Top of INFORMATION SHOWN
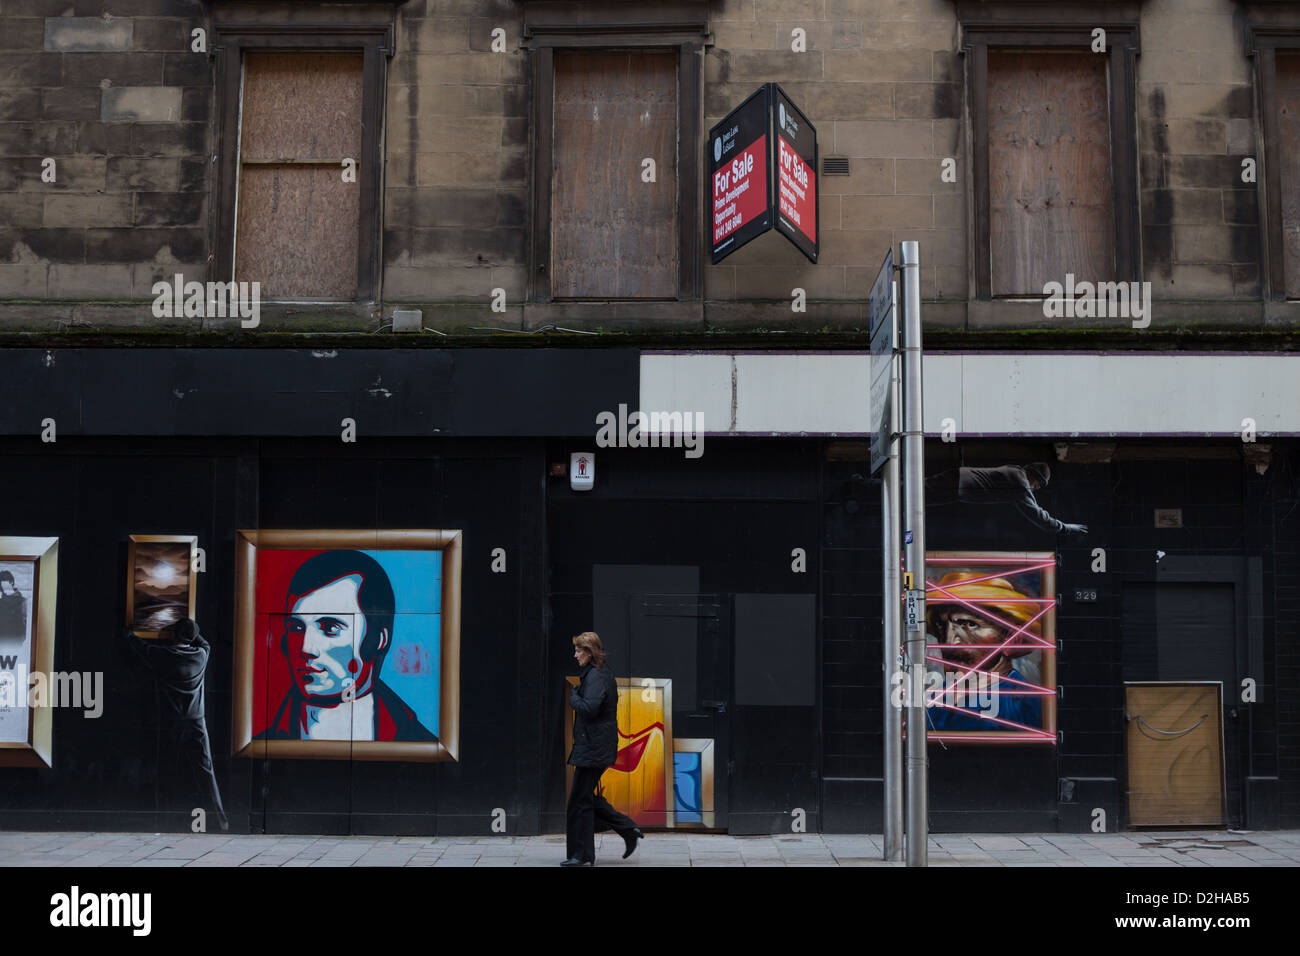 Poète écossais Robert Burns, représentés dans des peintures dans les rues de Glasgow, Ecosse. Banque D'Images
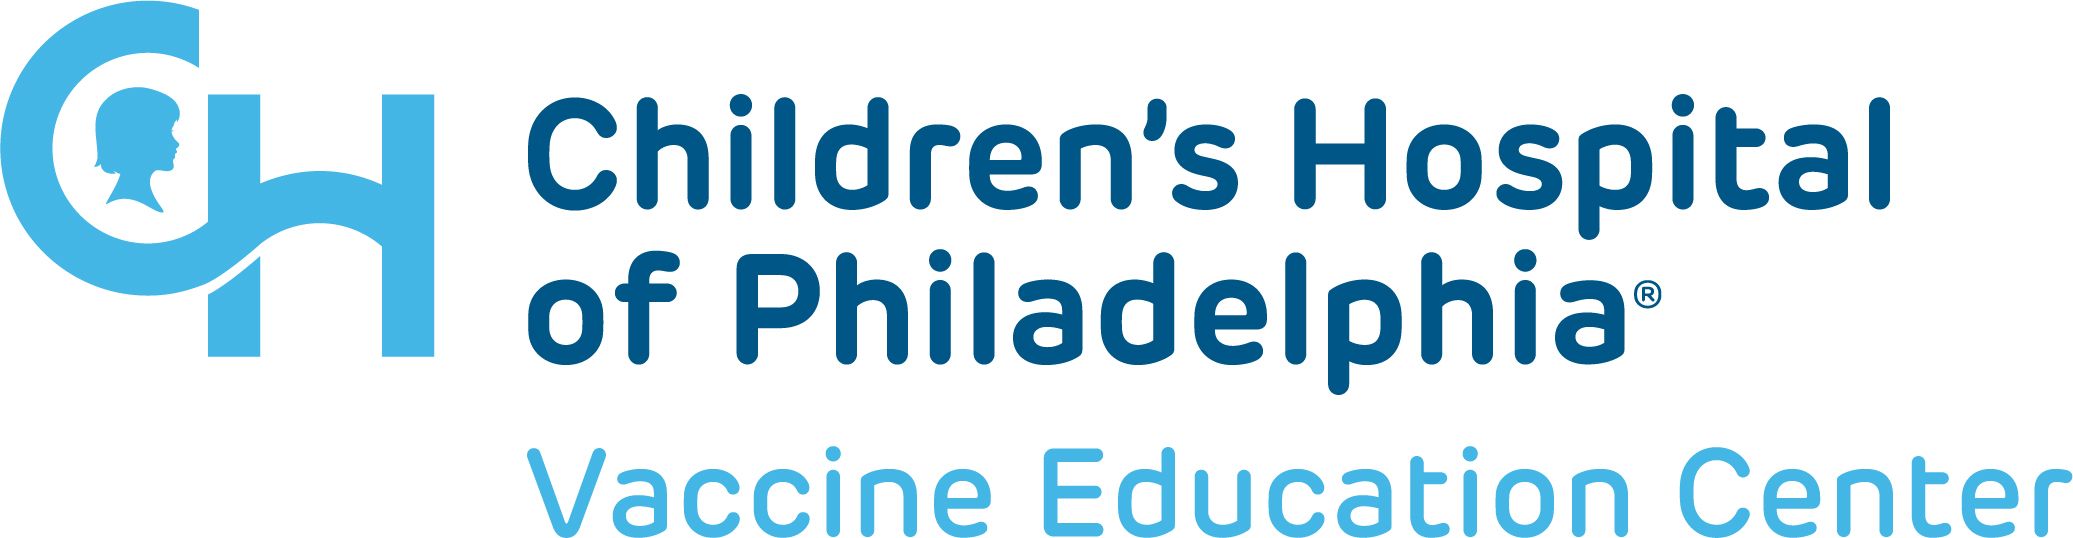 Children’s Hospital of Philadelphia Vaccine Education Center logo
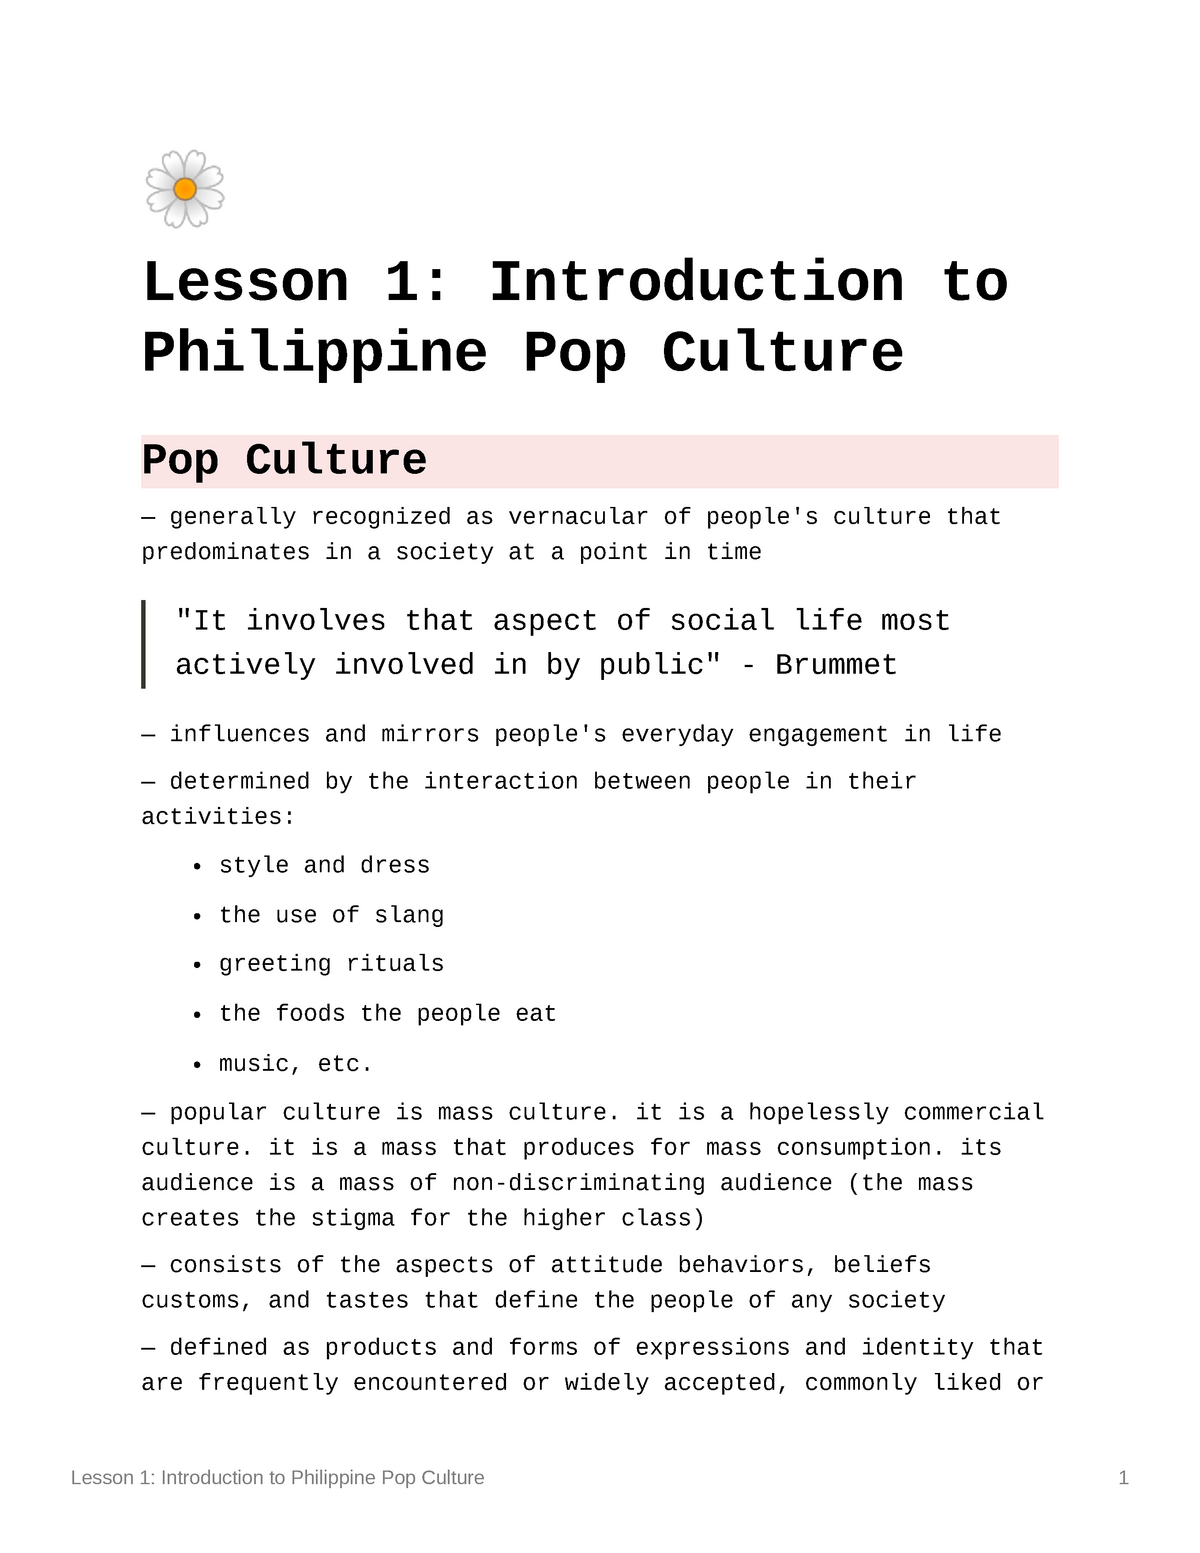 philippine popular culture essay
Bottom of INFORMATION SHOWN
Top of INFORMATION SHOWN
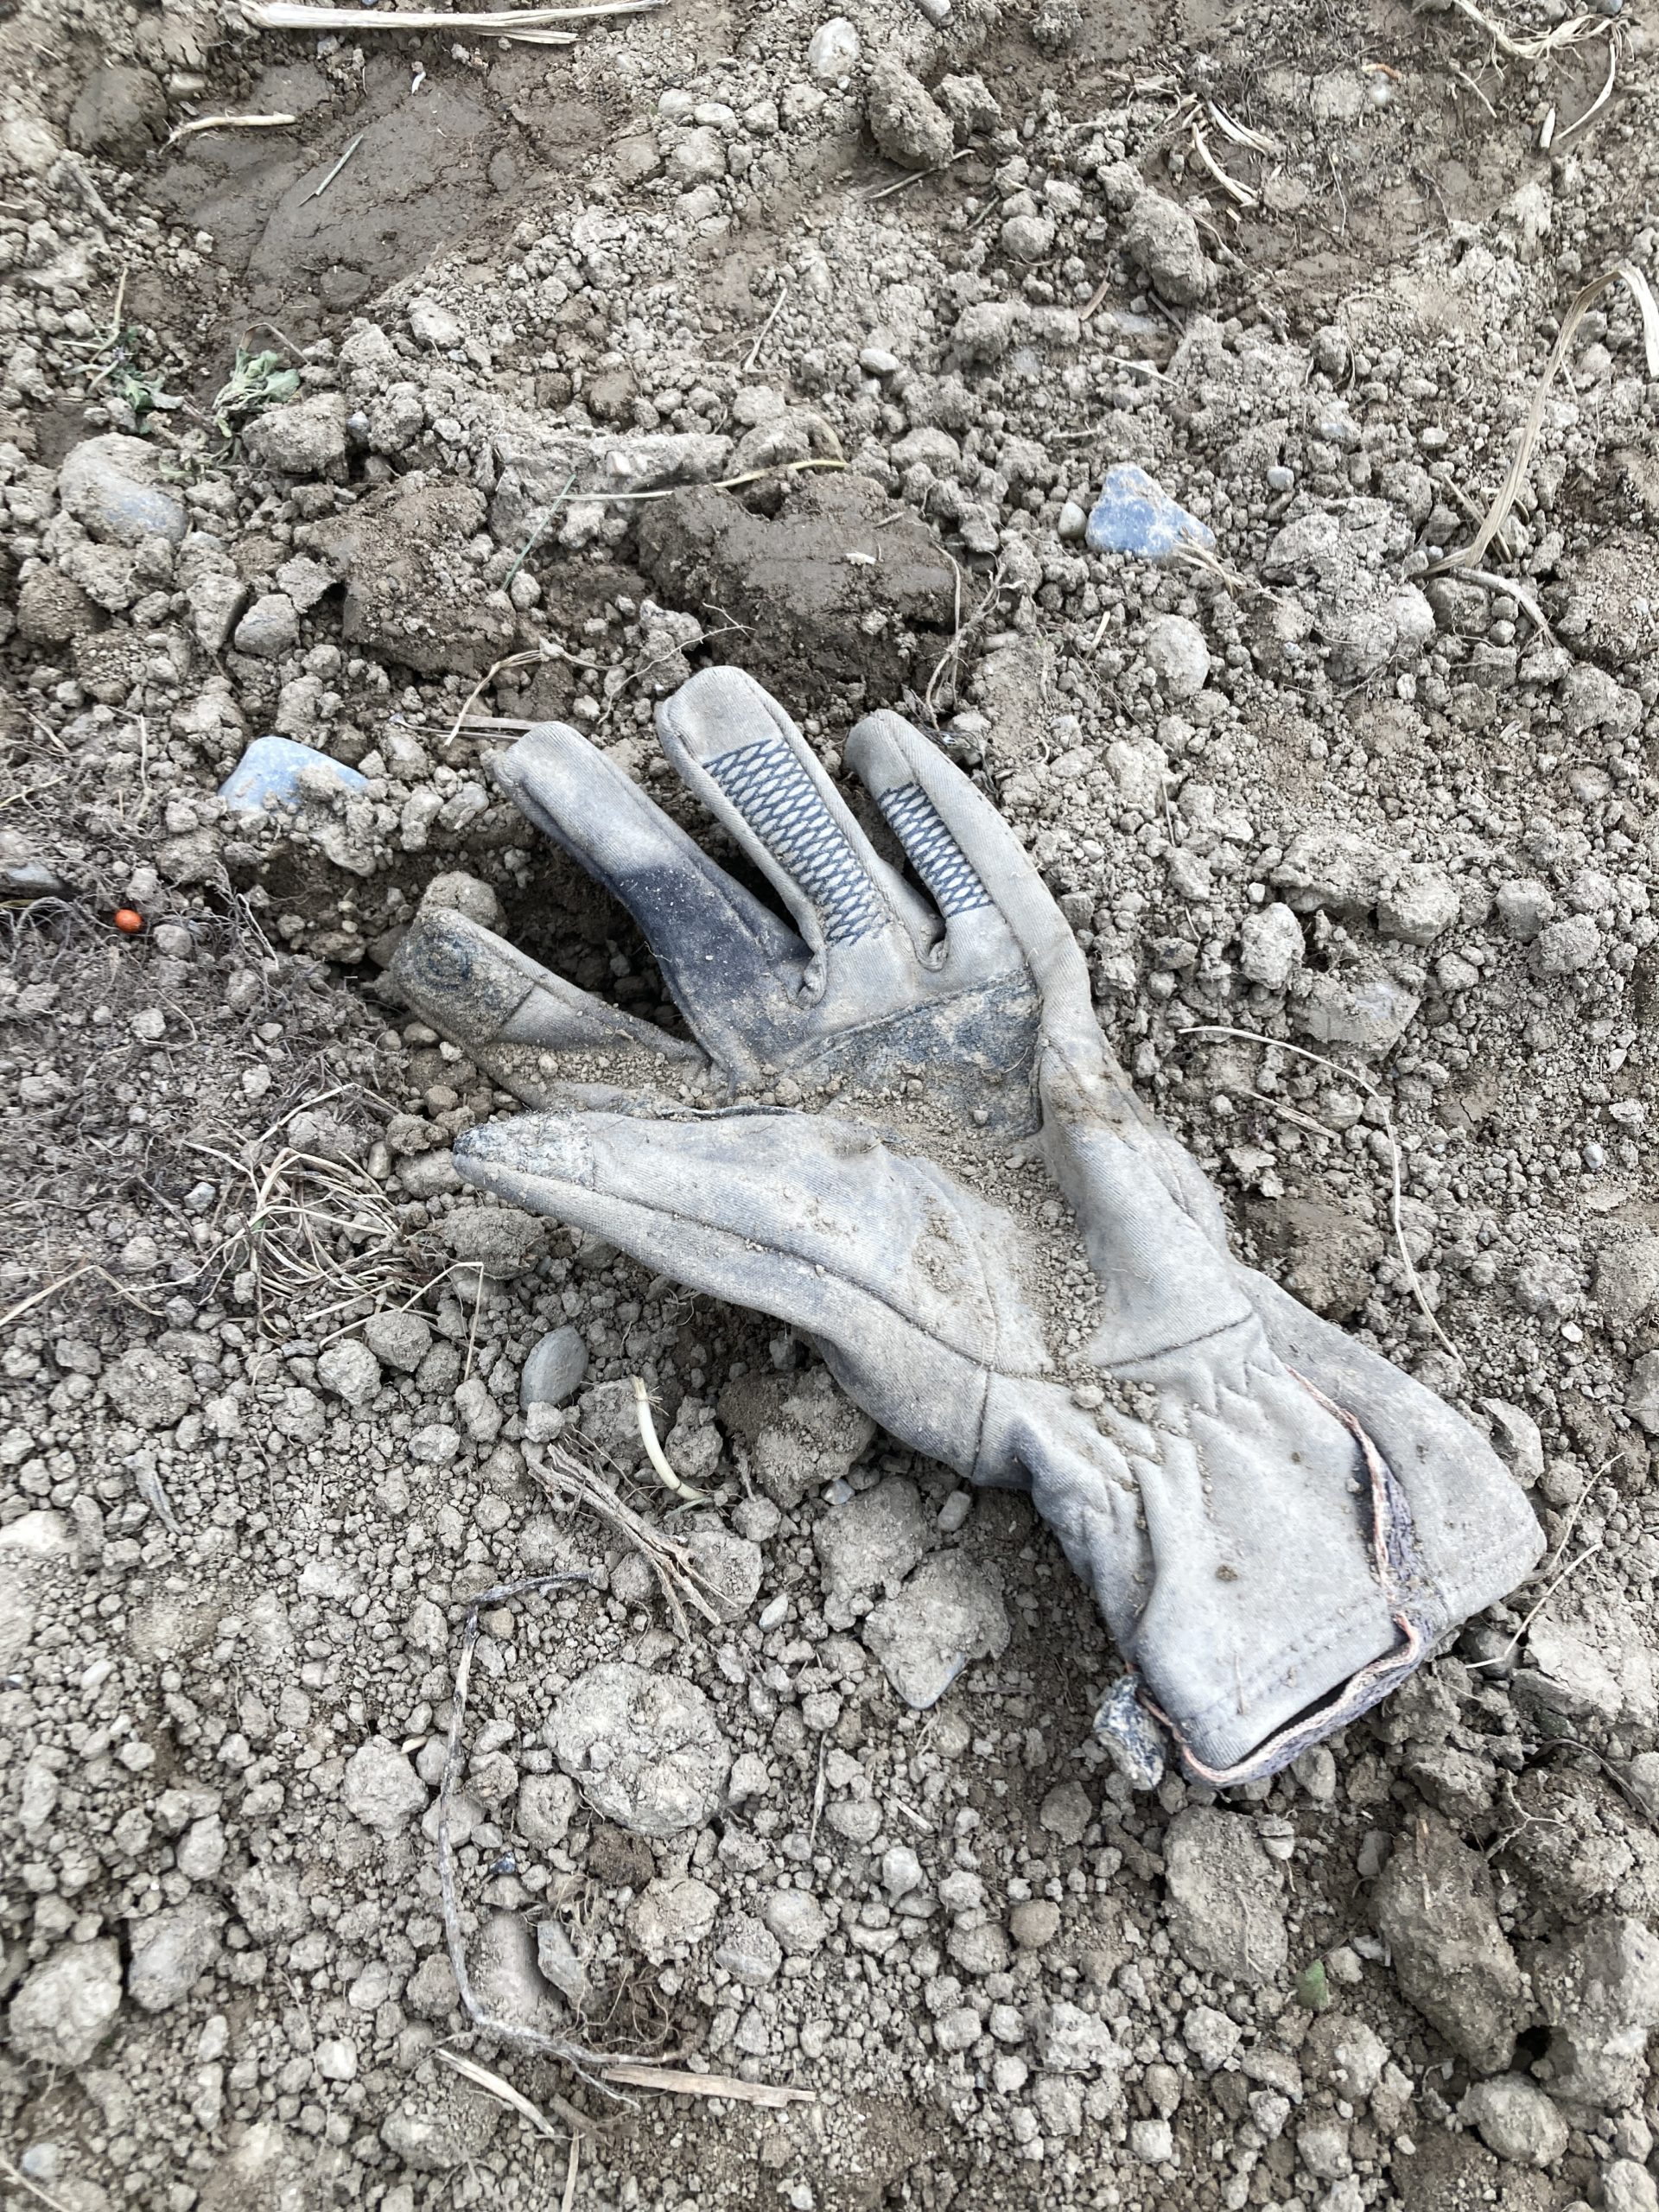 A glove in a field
Bottom of INFORMATION SHOWN
Top of INFORMATION SHOWN
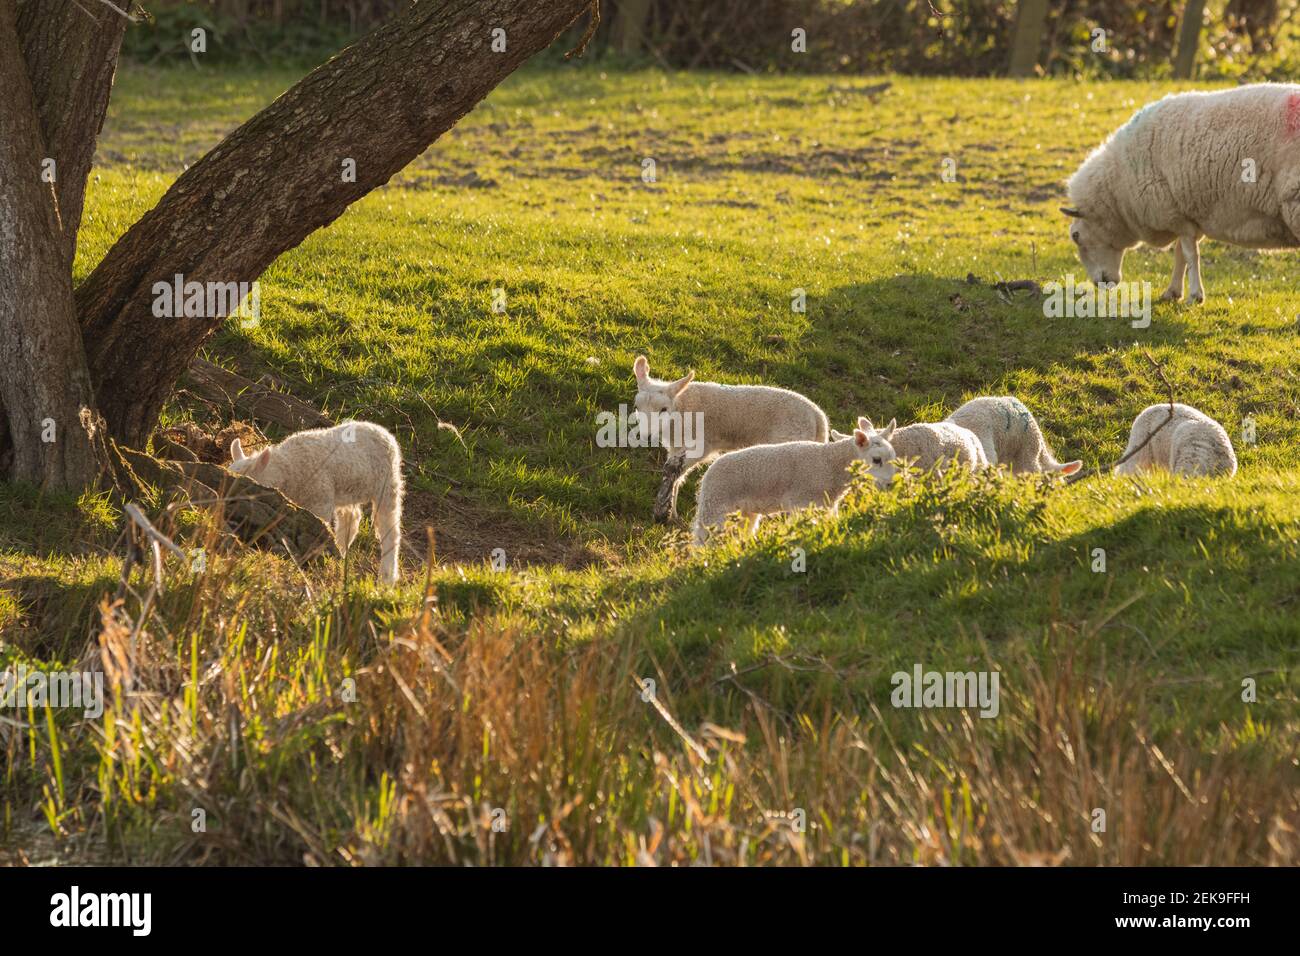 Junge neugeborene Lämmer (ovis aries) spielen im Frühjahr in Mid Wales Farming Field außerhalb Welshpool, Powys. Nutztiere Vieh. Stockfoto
Bottom of INFORMATION SHOWN
◆ **WORK INSTRUCTION**:
The answer is those lines of the material above that run from the one containing "Poète écossais Robert" up to and including the one containing "philippine popular culture essay", restated exactly and without images.

◆ **RESULT FOR THIS TASK**:
 Poète écossais Robert Burns, représentés dans des peintures dans les rues de Glasgow, Ecosse. Banque D'Images
 Children’s Hospital of Philadelphia Vaccine Education Center logo
 philippine popular culture essay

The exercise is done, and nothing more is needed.